NOW, THEREFORE, in consideration of the foregoing and the mutual
agreements set forth herein, and for other good and valuable consideration, the
receipt and sufficiency of which are hereby acknowledged, the parties do hereby
agree as follows:
1. Amendment of Section 8.1(b). Section 8.1(b) of the Merger
Agreement is hereby amended by deleting the reference to "August 31, 2003" in
said Section in its entirety and replacing it with "September 30, 2003."

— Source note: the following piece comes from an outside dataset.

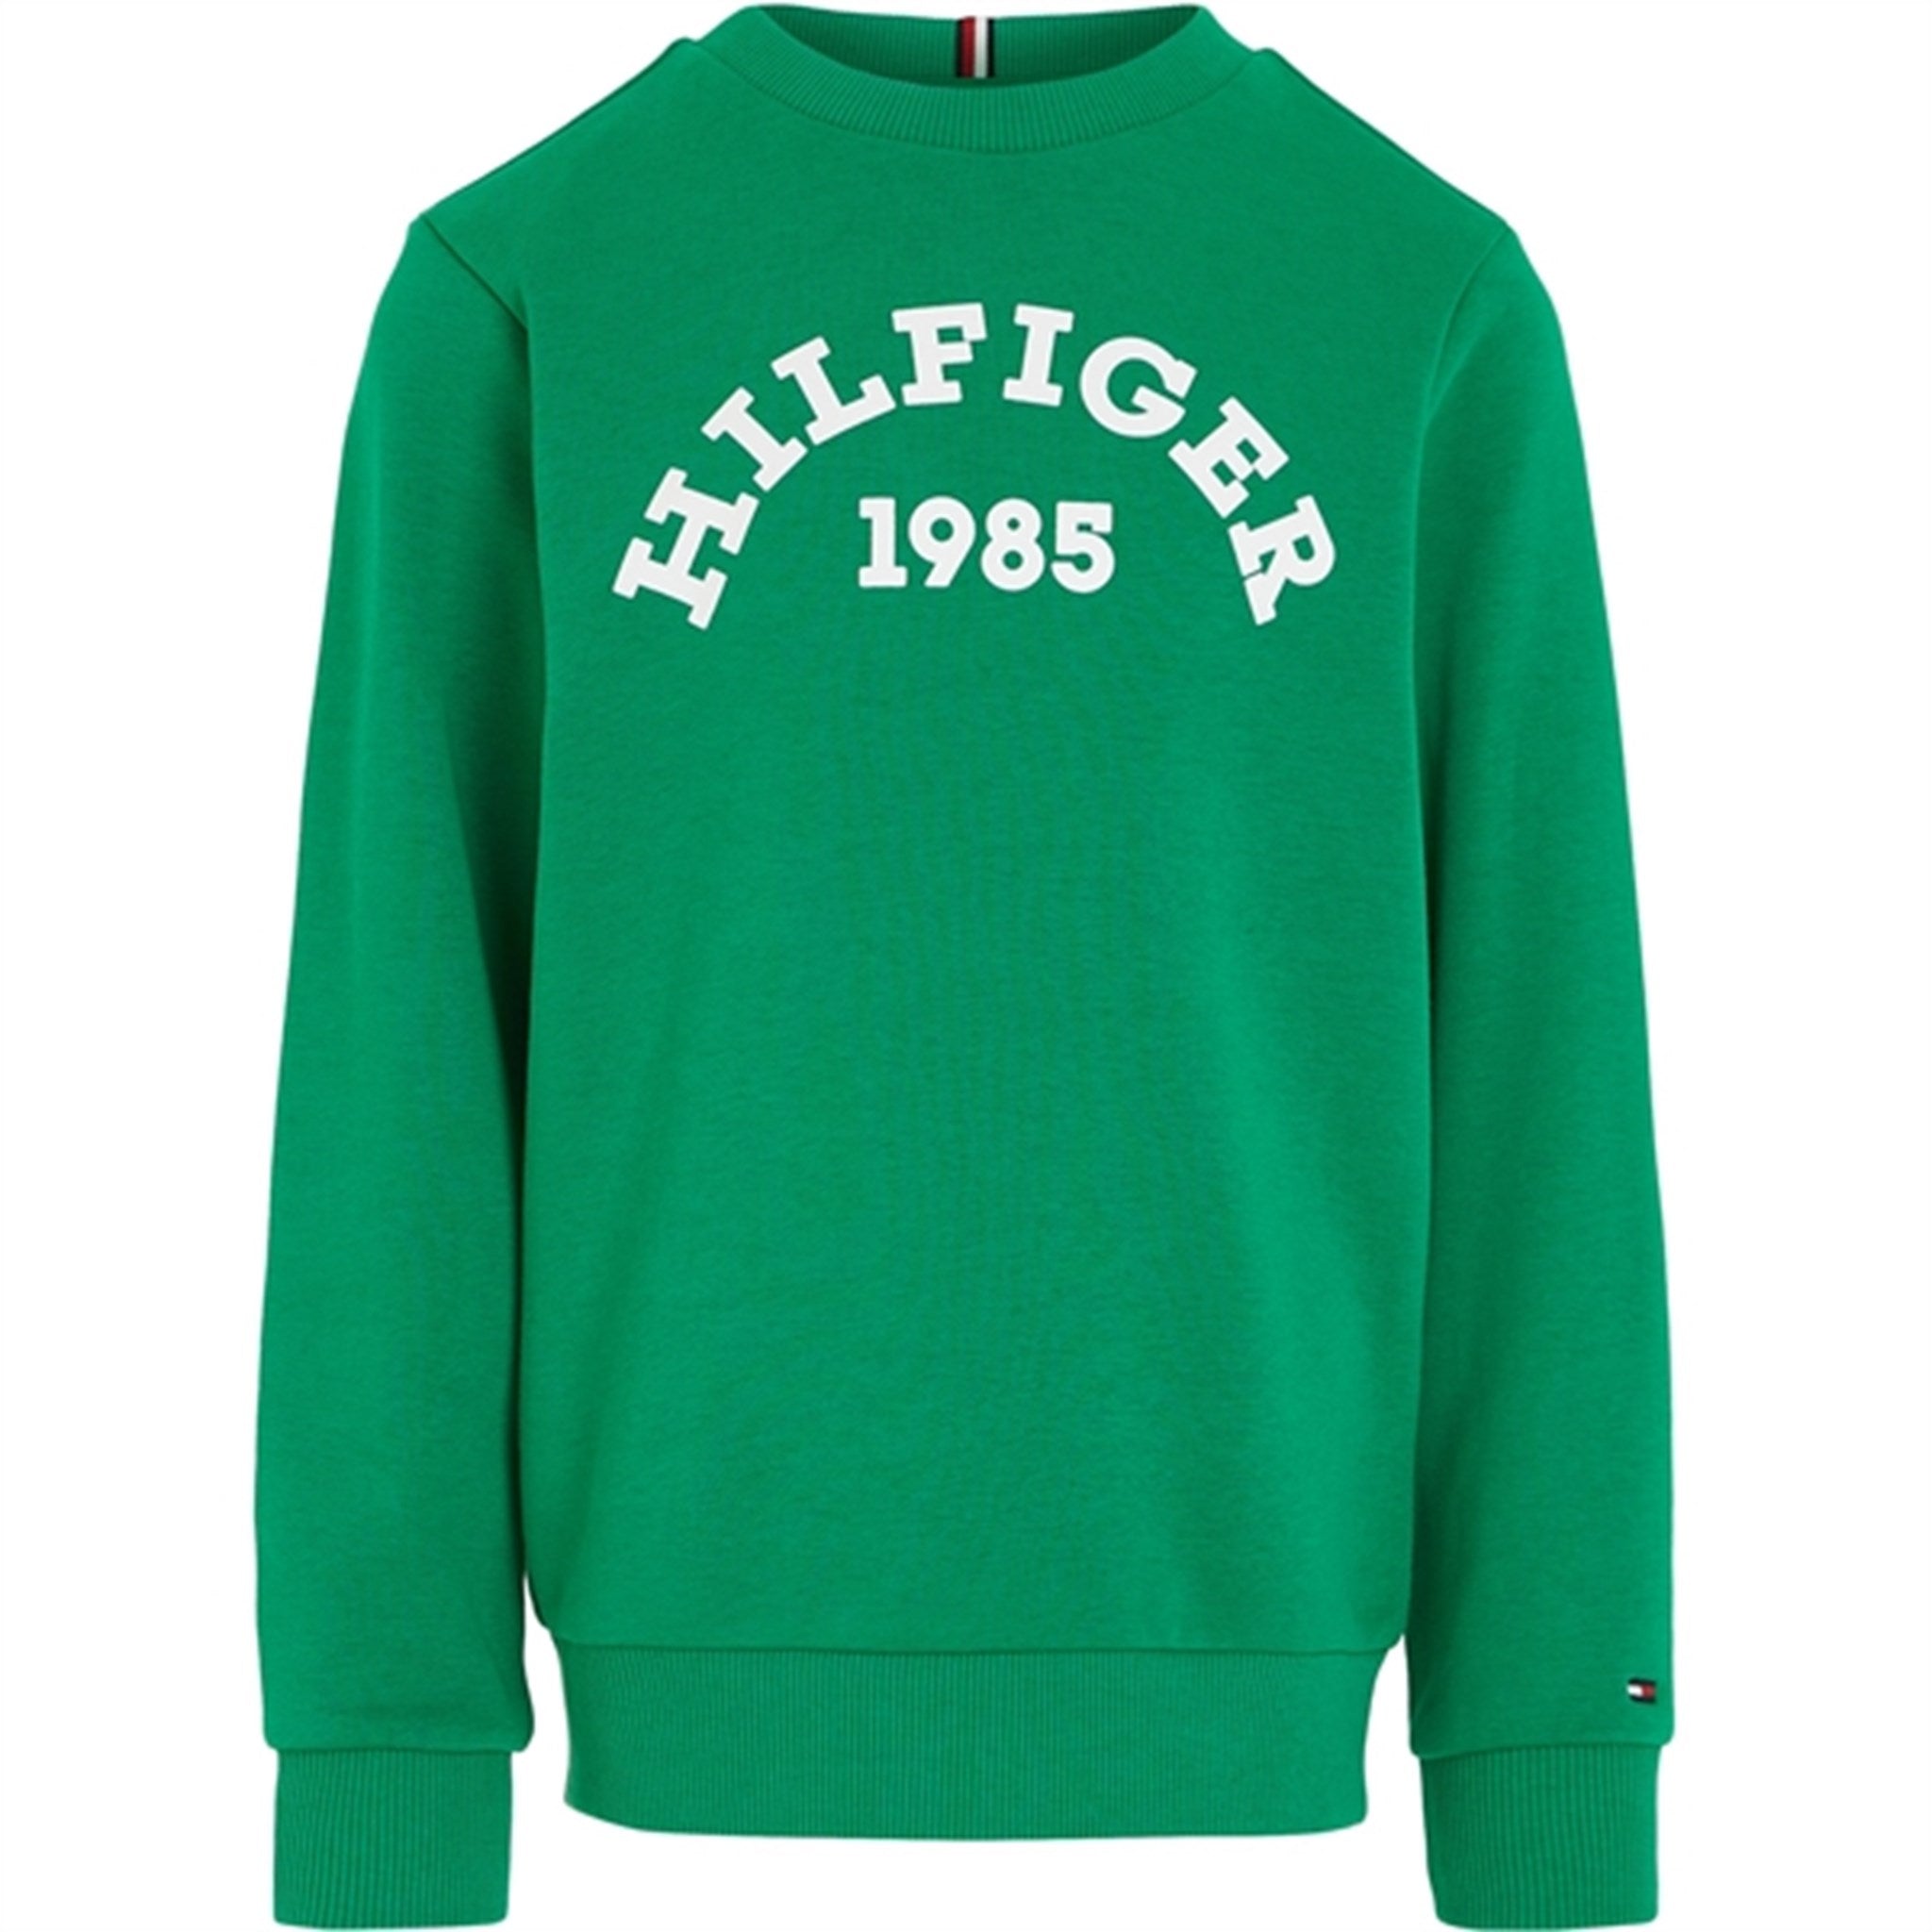 Tommy Hilfiger Hilfiger 1985 Sweatshirt Olympic Green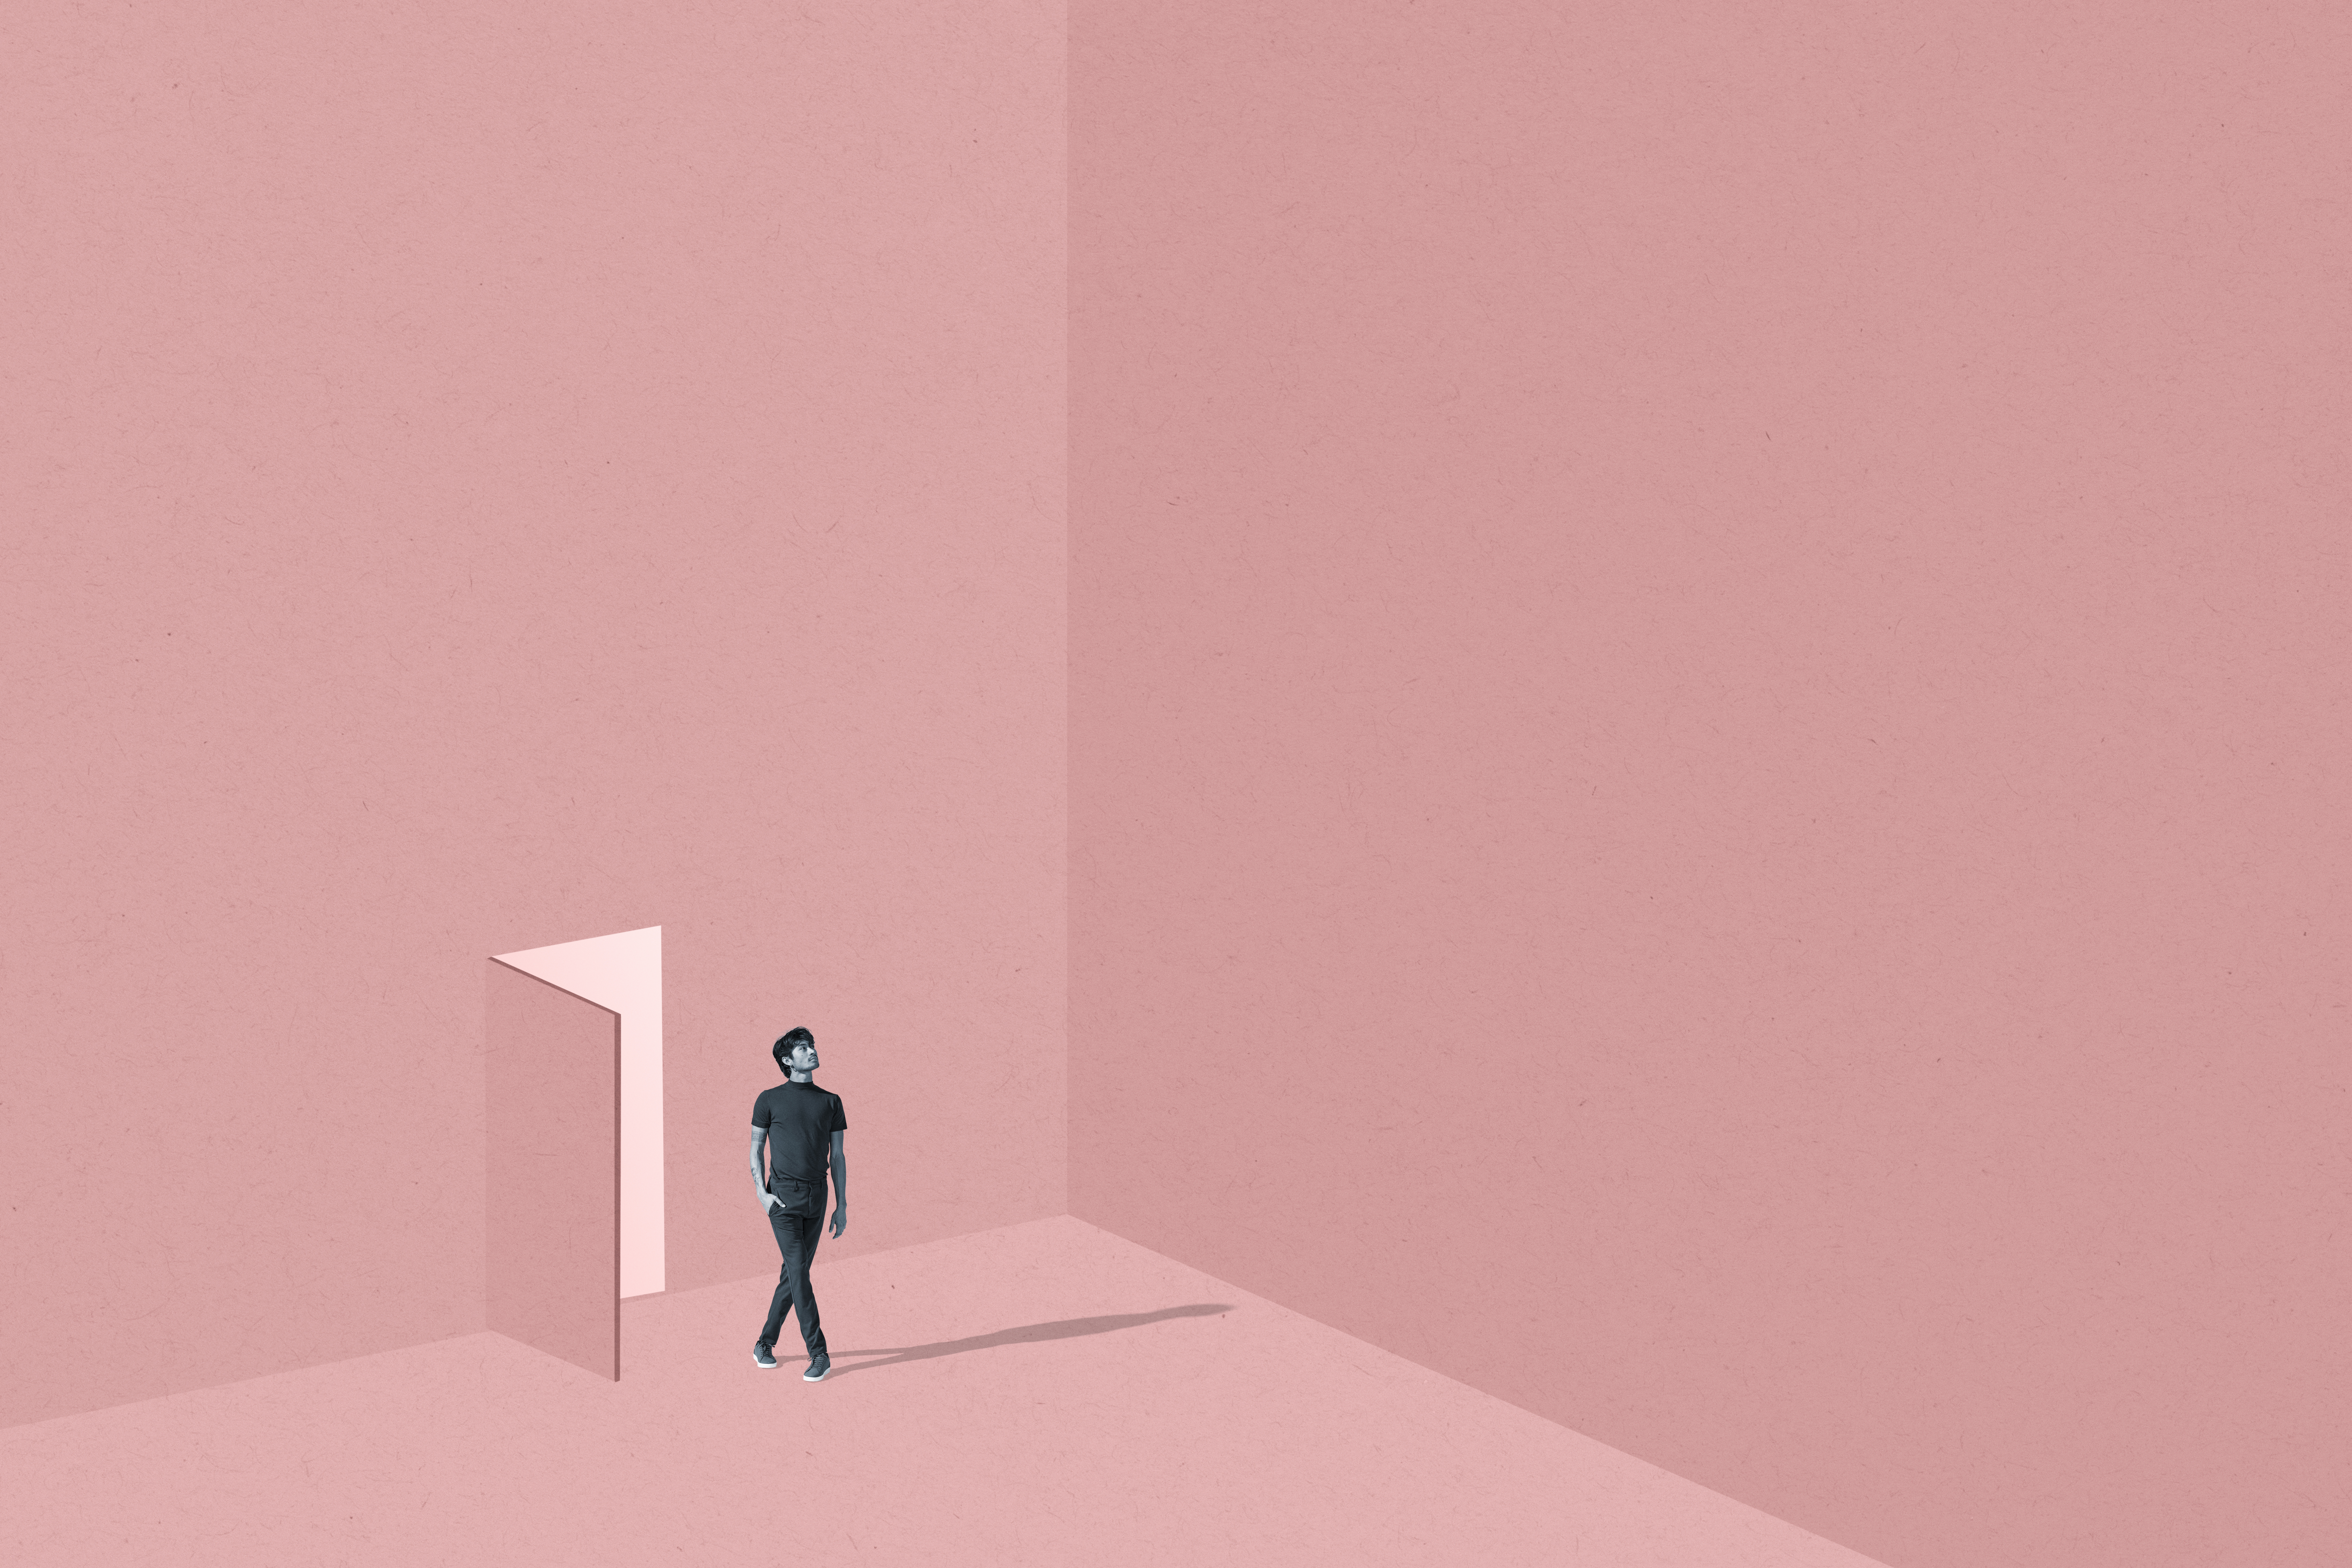 A young person walks through an open door into a spacious, blank, pink room.

2. Effect. Except as expressly amended by this Amendment, the
Merger Agreement is not amended and remains in full force and effect. From and
after the date hereof, all references to "the Agreement" and "this Agreement" in
the Merger Agreement shall be a reference to the Merger Agreement as amended by
this Amendment.
3. Counterparts. This Amendment may be executed in several
counterparts and by each party on a separate counterpart, each of which when so
executed and delivered shall be an original, and all of which together shall
constitute one instrument.
4. Governing Law. The governing law provision set forth in
Section 11.8 of the Merger Agreement shall apply to this Amendment.
IN WITNESS WHEREOF, each of the parties hereto has caused this
Amendment to be executed and delivered by its duly authorized officer as of the
date first set above.
MAXWORLDWIDE, INC. BULLDOG HOLDINGS, INC.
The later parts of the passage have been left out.